In contrast, The Mighty Thor’s Jane bursts with a depth of life that the shallowness of Love and Thunder could never match. It lies in her resistance to Asgardian kings and super-villains claiming the Thor name for themselves, and her insistence on facing her breast cancer as a human rather than an ally of literal gods – a stark contrast to Love and Thunder’s Jane, which so is presented as practically jumping at the chance to use Mjolnir to halt her illness. It’s implicit in all of her brazen decisions, from banging on everyone from Odin to the Phoenix Force, to the simple act of kissing Sam Wilson’s Captain America on a mission with the Avengers just because she can. Every moment Jane is Thor, doing the best she can, for most people, and loving every second of it because it makes her feel alive in a way that her illness is slowly denying her. In her final battle with the Mangog, she slams the creature in the face with a powerful right hook and, after asking why she would die for these gods who despise her, roars, “I die for love, Mangog. You die for nothing but hate – that’s why you lose.”
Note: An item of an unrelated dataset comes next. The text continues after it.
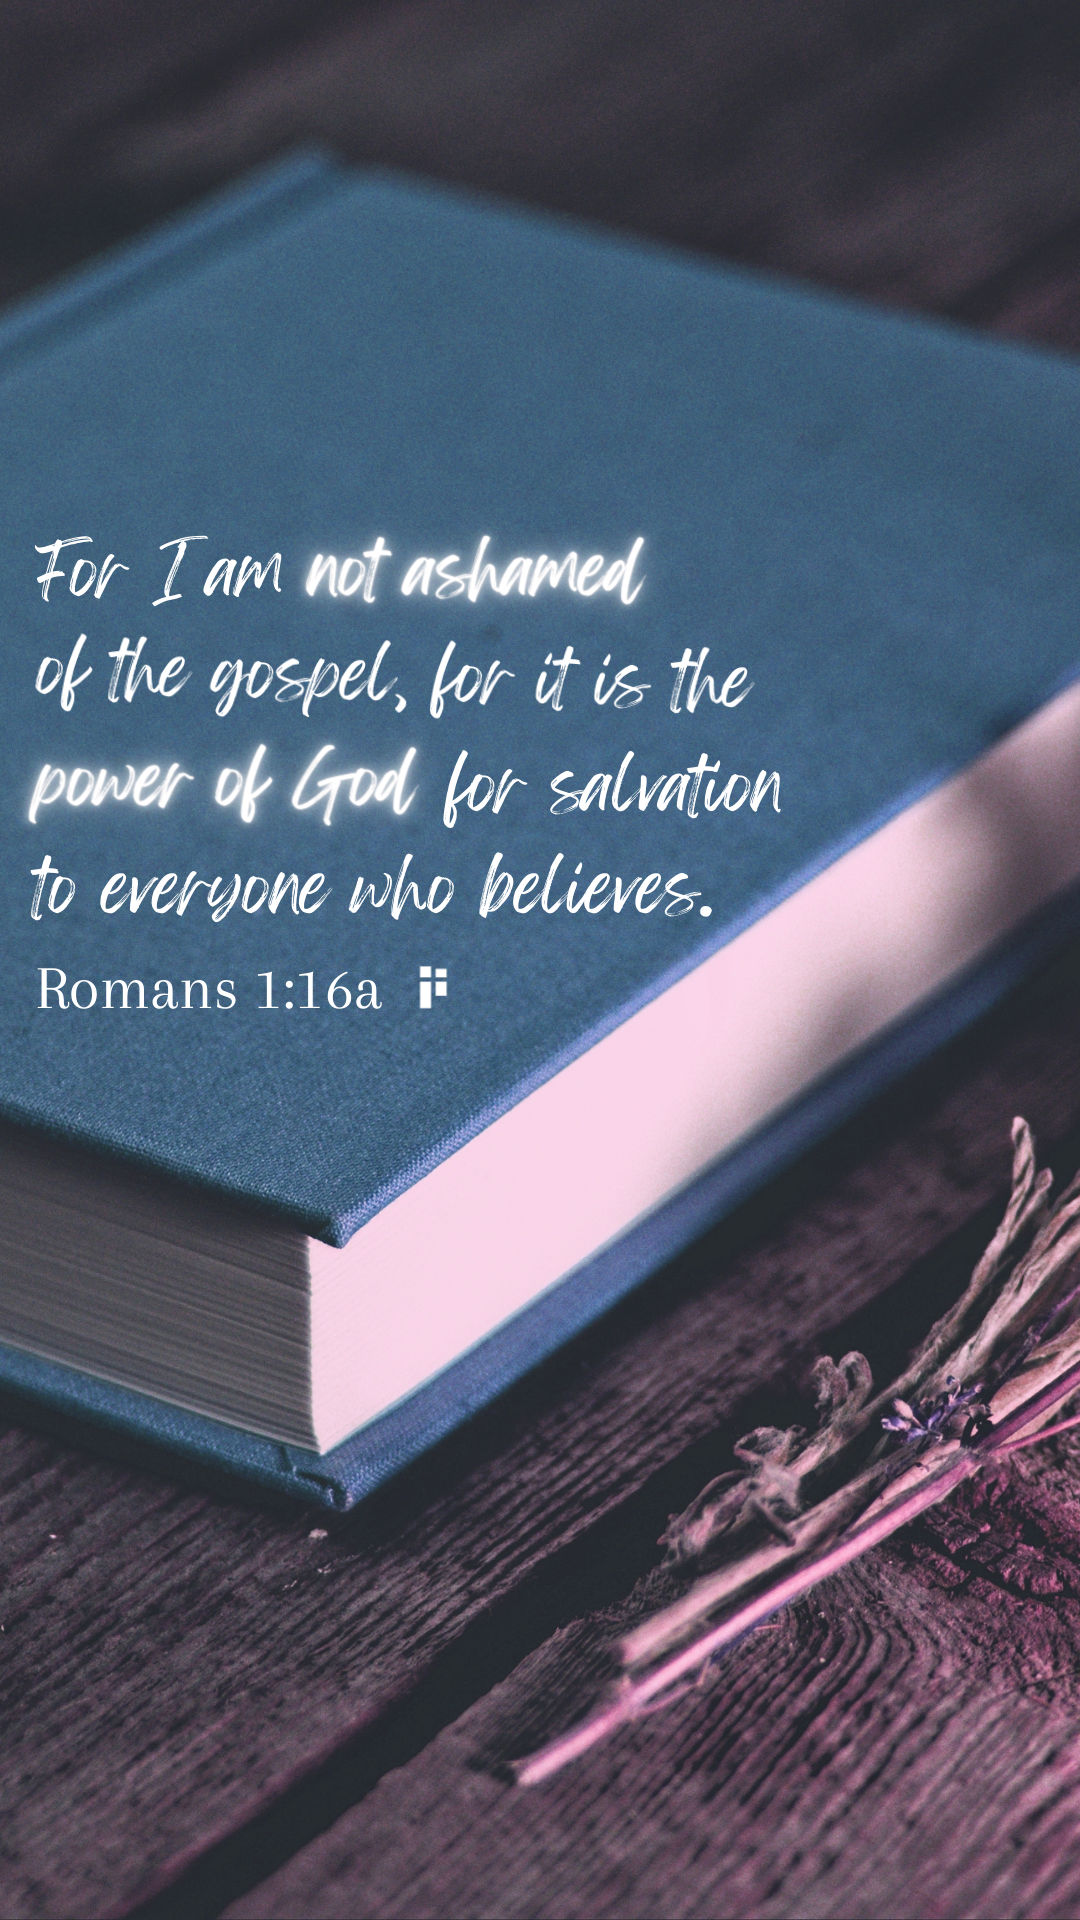 Romans 1:16

Image for article titled Thor: Love and Thunder Failed the Mighty Thor

Image: Russell Dauterman, Matt Wilson and Joe Sabino/Marvel Comics

Part of that love is indeed for Thor Odinson, as it ultimately is in Love and Thunder. But it’s not just for him. The splash page presenting this line in The Mighty Thor #705 stretches higher and higher from Jane’s punch, a massive Krakoom rising above it as we see glimpses of her life: as a child with her parents, holding hands with dem Odinson as a young woman, as a cancer patient drinking with Freyja, as Thor himself. Jane’s love encompasses more than just romantic love but a love of life itself, a life she truly loved, as Thor or otherwise too live, and that is the sacrifice she is willing to make, not just for a single man.

I wish Love and Thunder could have understood that. I wish Natalie Portman’s Jane had the time to have even a little of the power that her comic book counterpart had – to say no, she wasn’t ready to leave as she stood at the gates of eternal rest. Instead, she must simply die, unexplored, unintentionally beyond her need to force Thor into his new status quo as an awkward adoptive father. The Mighty Thor comics have always been about Jane facing death, from the moment she picked up Mjolnir. But at every step she defied that conclusion with an overwhelming love of life. Love and Thunders Jane is asked to just accept it, if not for herself, but at least for the Thor, who cares much, much more.